Ты утверждал, что вечером становишься ниже, чем утром, потому что вес сплющивает тебе позвонки. Ты говорил, что ночь возвращает твоему телу то, что забрал день.
Ты курил американские сигареты из светлого табака. Твоя комната была пропитана их сладковатым запахом. Глядя, как ты куришь, хотелось закурить самому. Сигарета становилась в твоей руке художественным объектом. Любил ли ты курить или всего лишь представляться курящим? Ты выпускал идеальные кольца, плотные и толстые, они пролетали пару метров, прежде чем окутать предмет и на нем рассеяться. Я вспоминаю их ночные траектории в контровом освещении лампы. Когда я видел тебя в последний раз, ты бросил курить, но не пить. Поглаживая себя по животу, ты радовался, что пополнел, хотя разница была едва заметна. Твоя фигура ничуть не изменилась.
Объяснить твое самоубийство? Никто на это так и не рискнул.
Нельзя сказать, что ты танцевал. Напрасно вокруг тебя раздавалась музыка, подхватывал тела́ вихрь басов, в тебя все это не проникало.
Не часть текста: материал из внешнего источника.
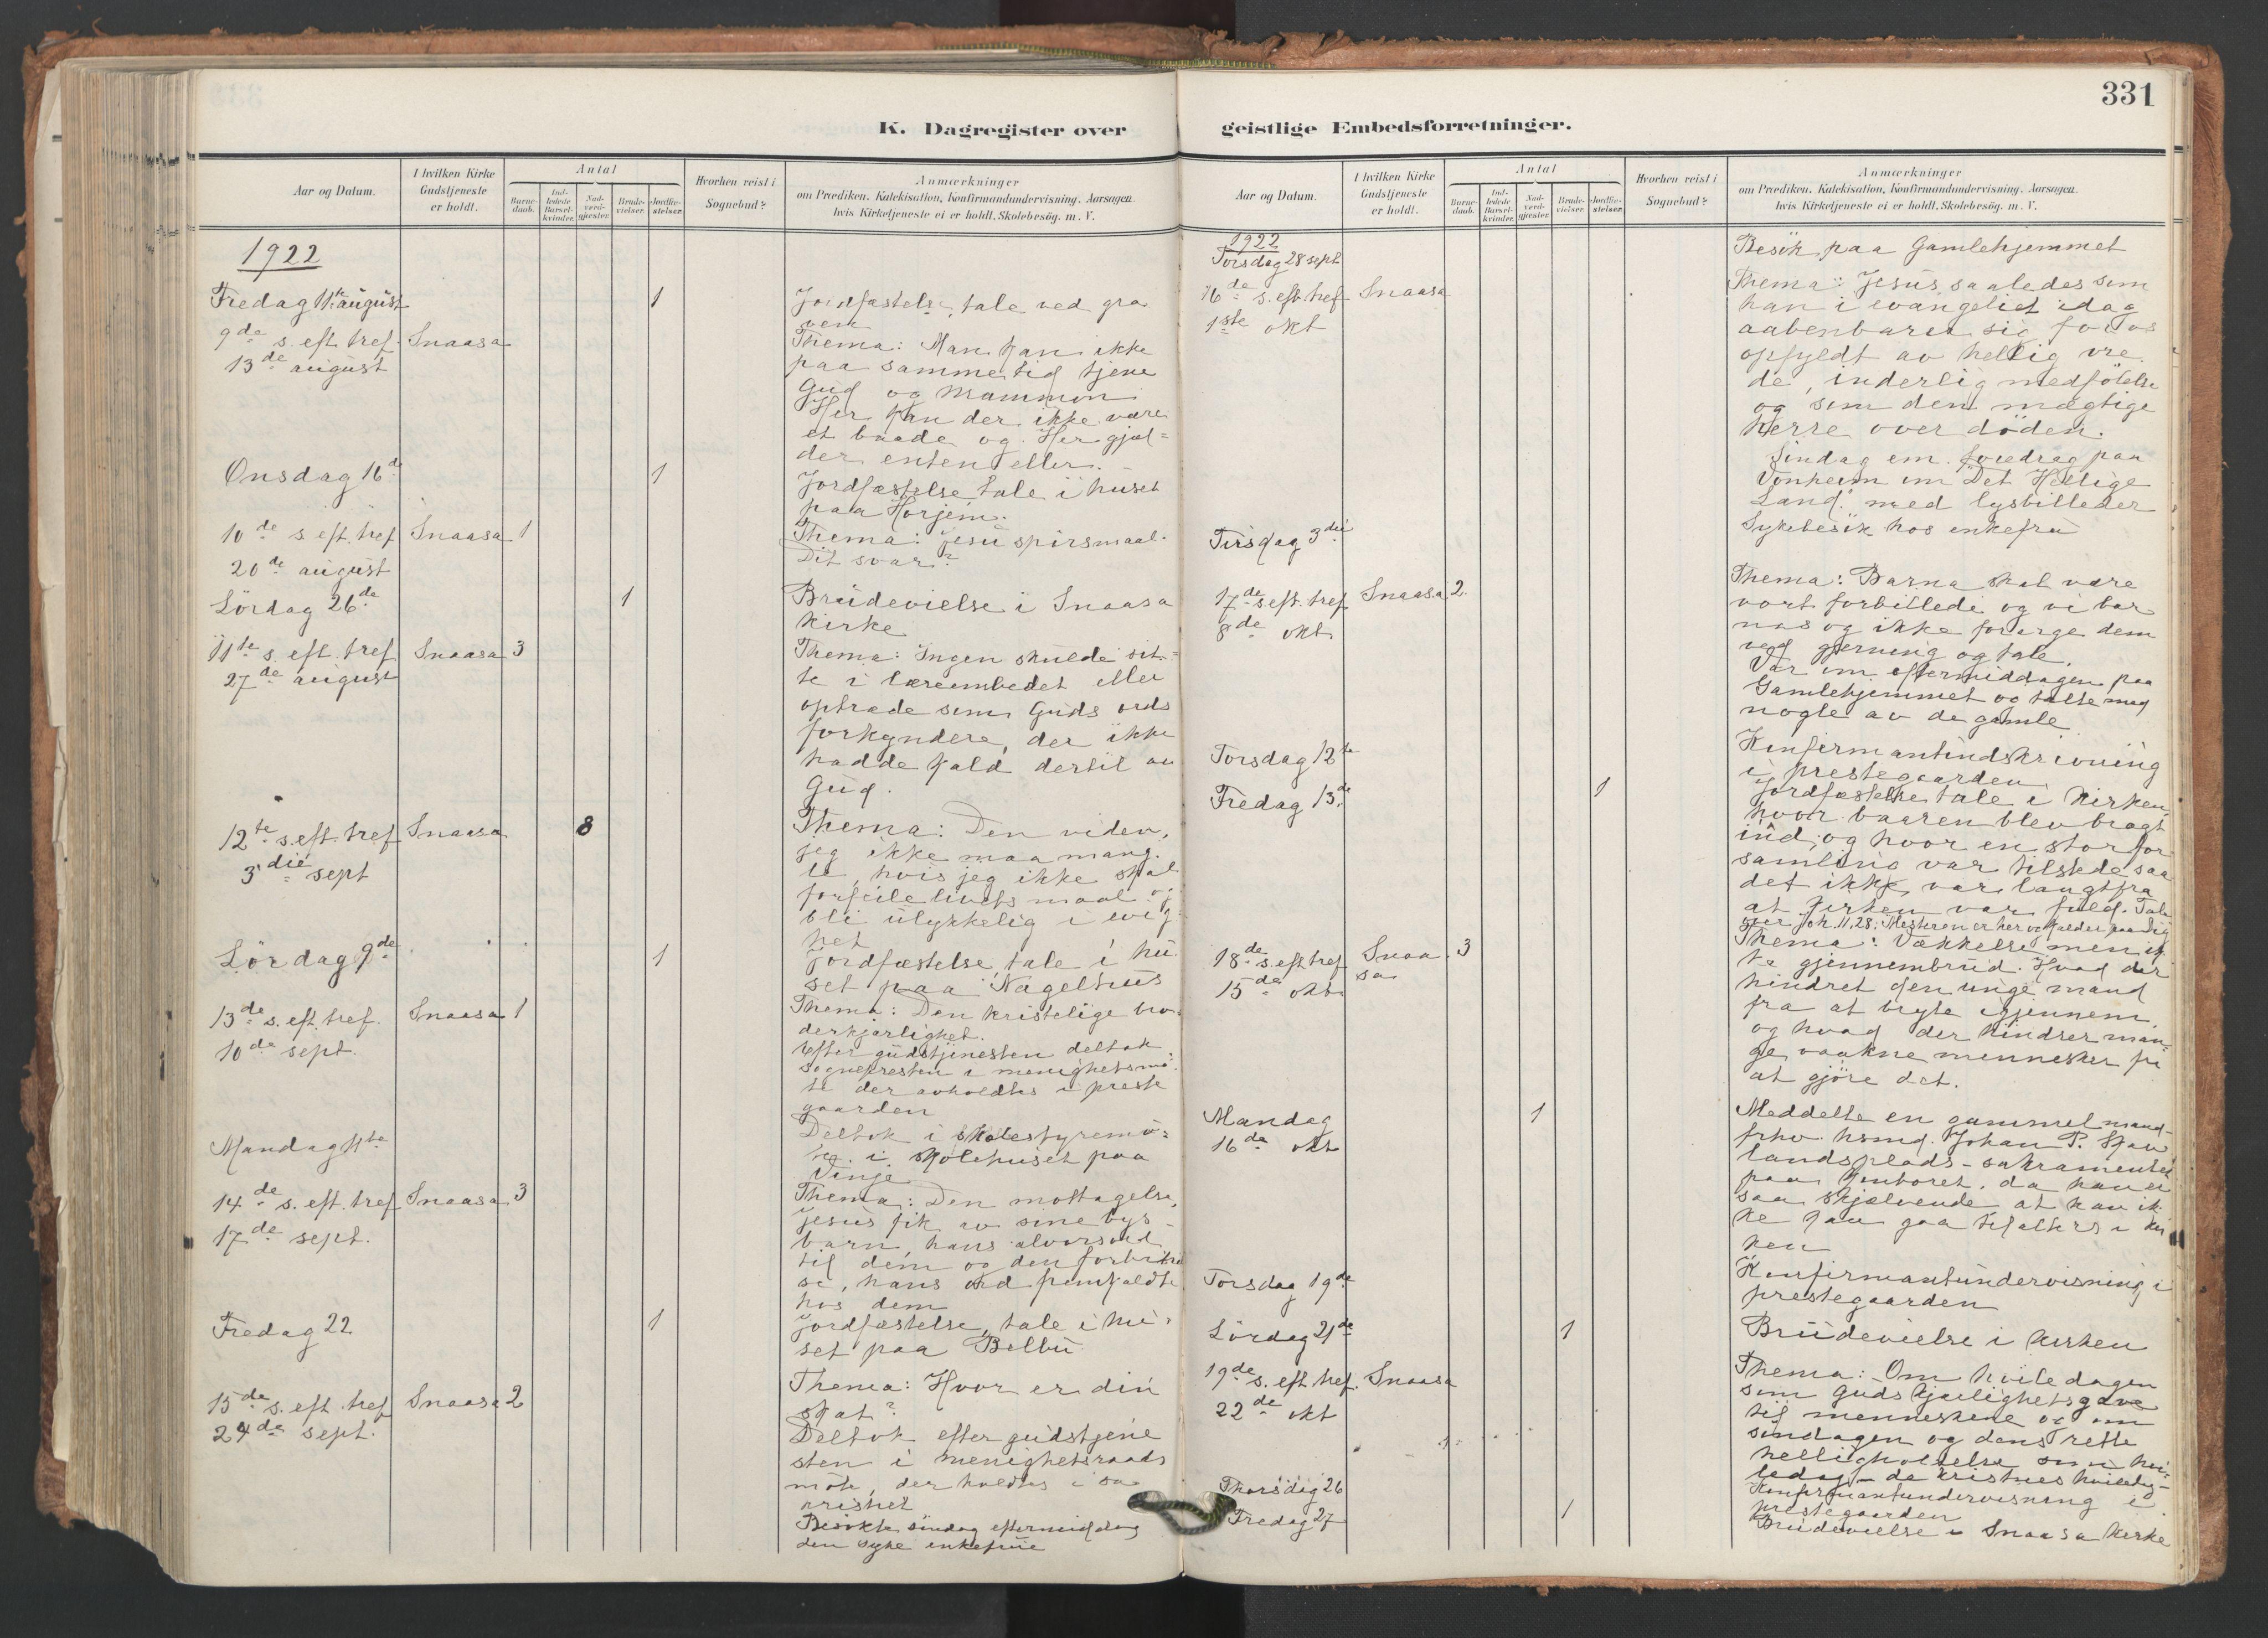 SAT, Ministerialprotokoller, klokkerbøker og fødselsregistre - Nord-Trøndelag, 749/L0477: Ministerialbok nr. 749A11, 1902-1927, s. 331

Ты обозначал шаги, ты скорее изображал танец, чем его исполнял. Ты танцевал в одиночку. Когда кто-то встречался с тобой взглядом, ты улыбался так, будто тебя застали за чем-то нелепым.
Твоему самоубийству не предшествовали неудачные попытки.
Ты не боялся смерти. Ты ее упредил, но по-настоящему ее не хотел: как хотеть то, чего не знаешь? Ты не отверг жизнь, а подтвердил свою склонность к неизвестному, заявив, что если по ту сторону что-то существует, то там лучше, чем здесь.